2025-05-09 12:35:37.818634: I external/local_xla/xla/tsl/cuda/cudart_stub.cc:32] Could not find cuda drivers on your machine, GPU will not be used.
2025-05-09 12:35:37.827071: E external/local_xla/xla/stream_executor/cuda/cuda_fft.cc:467] Unable to register cuFFT factory: Attempting to register factory for plugin cuFFT when one has already been registered
WARNING: All log messages before absl::InitializeLog() is called are written to STDERR
E0000 00:00:1746794137.840901    3539 cuda_dnn.cc:8579] Unable to register cuDNN factory: Attempting to register factory for plugin cuDNN when one has already been registered
E0000 00:00:1746794137.845006    3539 cuda_blas.cc:1407] Unable to register cuBLAS factory: Attempting to register factory for plugin cuBLAS when one has already been registered
W0000 00:00:1746794137.856744    3539 computation_placer.cc:177] computation placer already registered. Please check linkage and avoid linking the same target more than once.
W0000 00:00:1746794137.856768    3539 computation_placer.cc:177] computation placer already registered. Please check linkage and avoid linking the same target more than once.

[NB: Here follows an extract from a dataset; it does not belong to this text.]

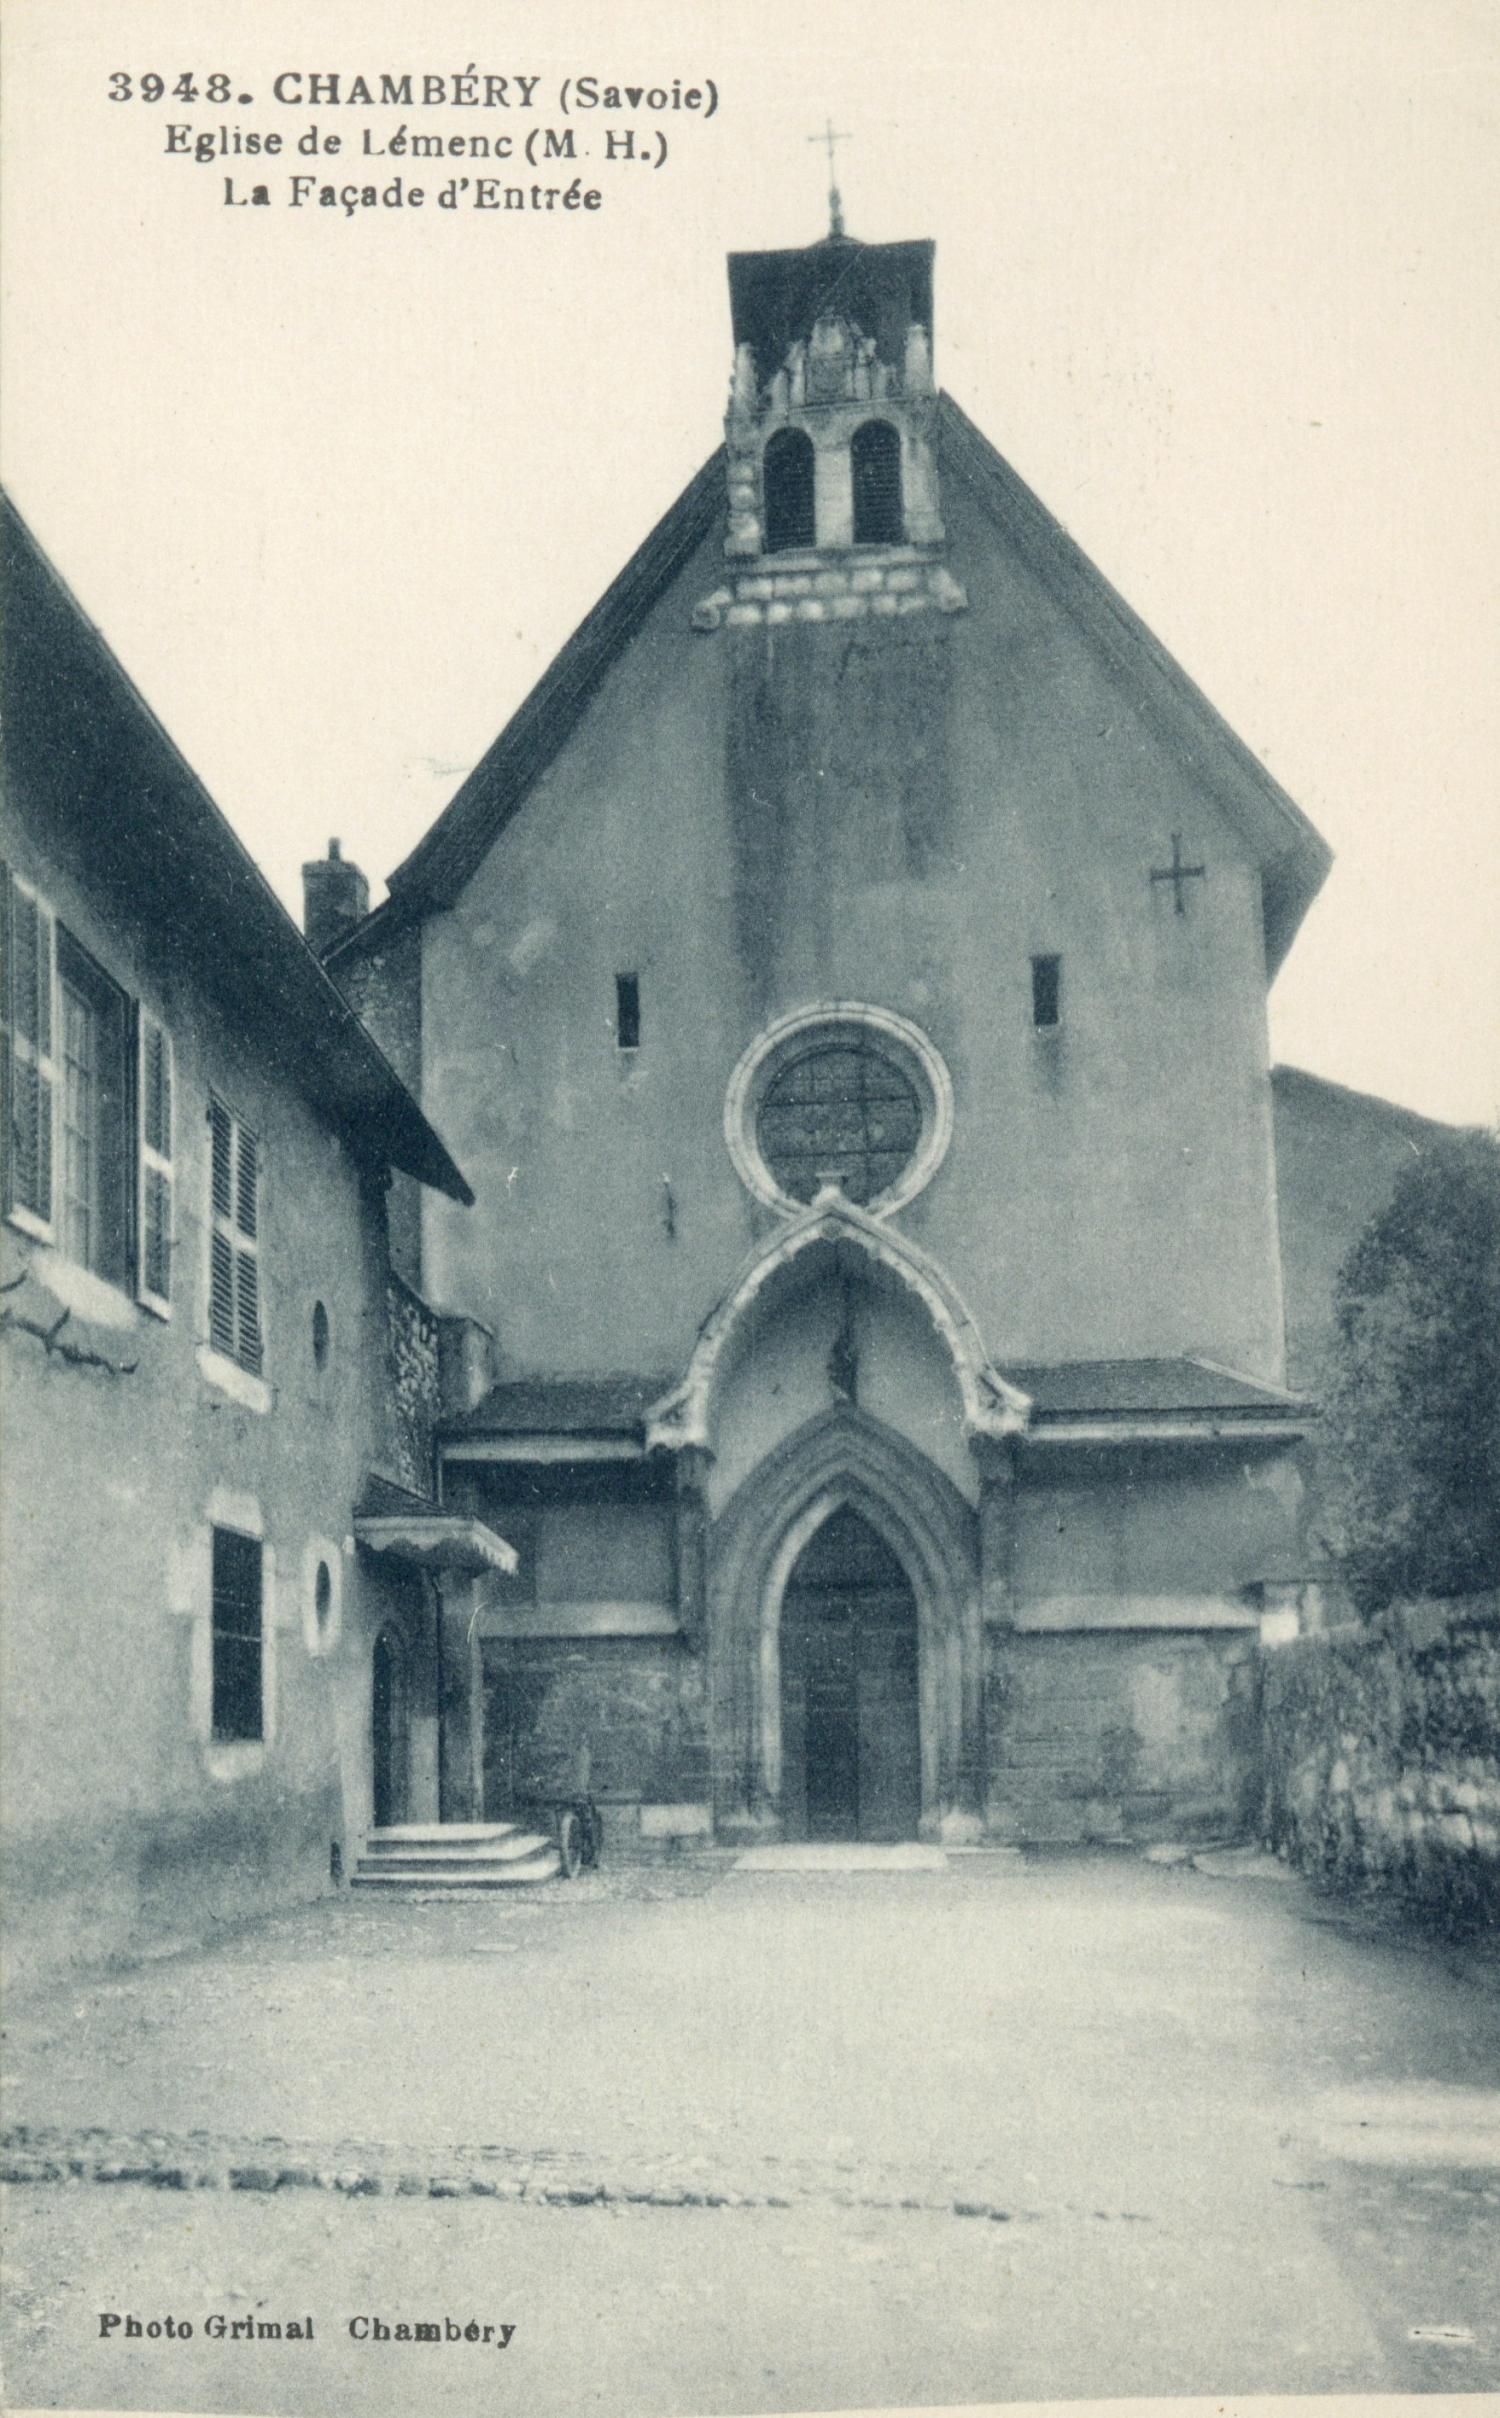 Chambéry (Savoie) - Eglise de Lémenc (M. H.)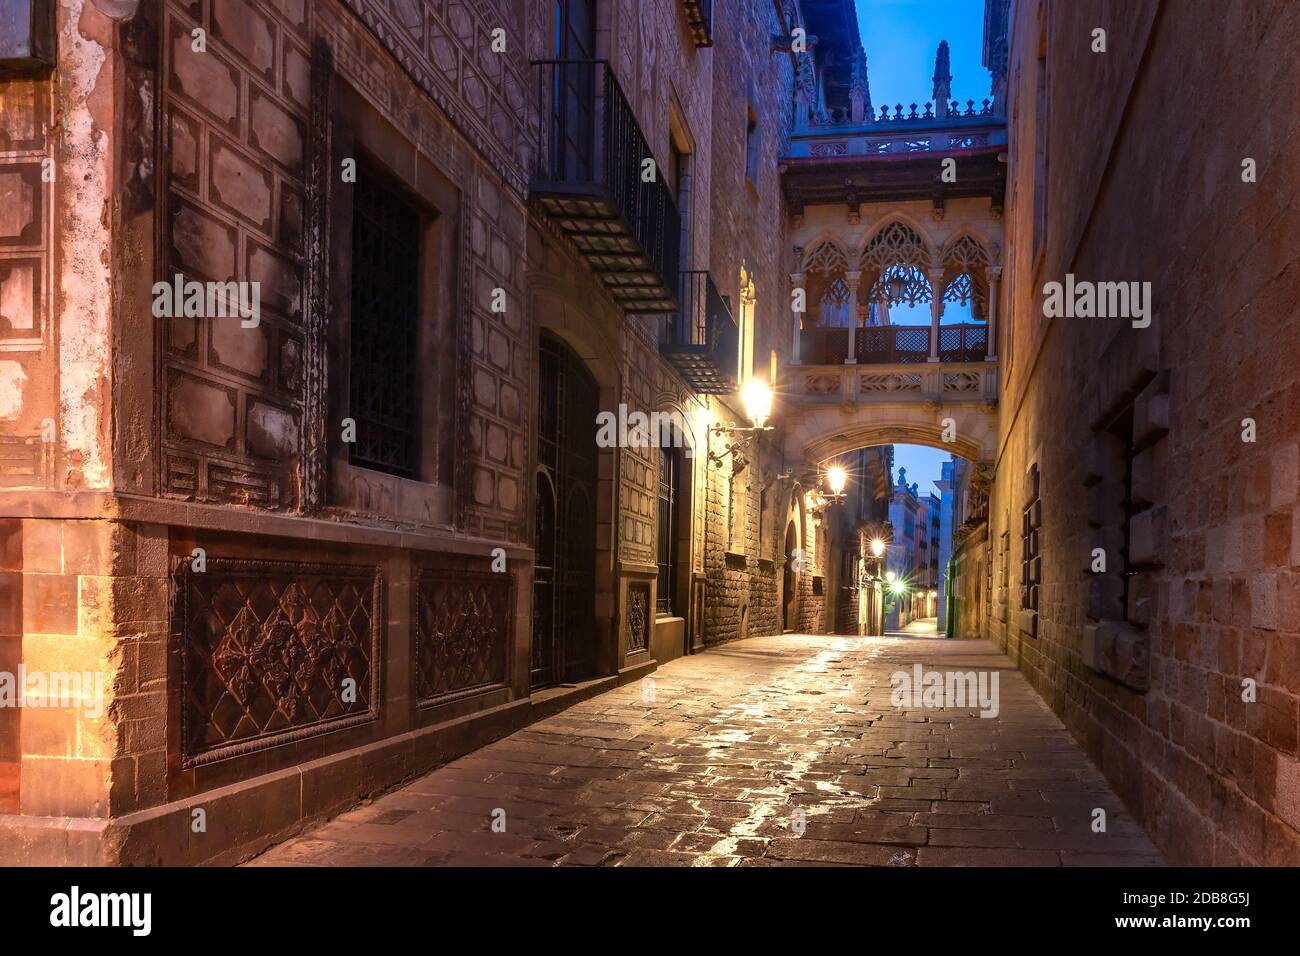 Angosta calle del Bisbe medievales adoquinadas calles con el puente de los suspiros en el Barrio Gótico de la mañana, Barcelona, Cataluña, España Foto de stock

W0000 00:00:1746794137.856770    3539 computation_placer.cc:177] computation placer already registered. Please check linkage and avoid linking the same target more than once.
W0000 00:00:1746794137.856772    3539 computation_placer.cc:177] computation placer already registered. Please check linkage and avoid linking the same target more than once.
2025-05-09 12:35:37.860885: I tensorflow/core/platform/cpu_feature_guard.cc:210] This TensorFlow binary is optimized to use available CPU instructions in performance-critical operations.
To enable the following instructions: AVX2 FMA, in other operations, rebuild TensorFlow with the appropriate compiler flags.
model = Sequential()
model.add(Input(shape=(2,)))
model.add(Dense(50, activation="relu"))
model.add(Dense(20, activation="relu"))
model.add(Dense(1, activation="sigmoid"))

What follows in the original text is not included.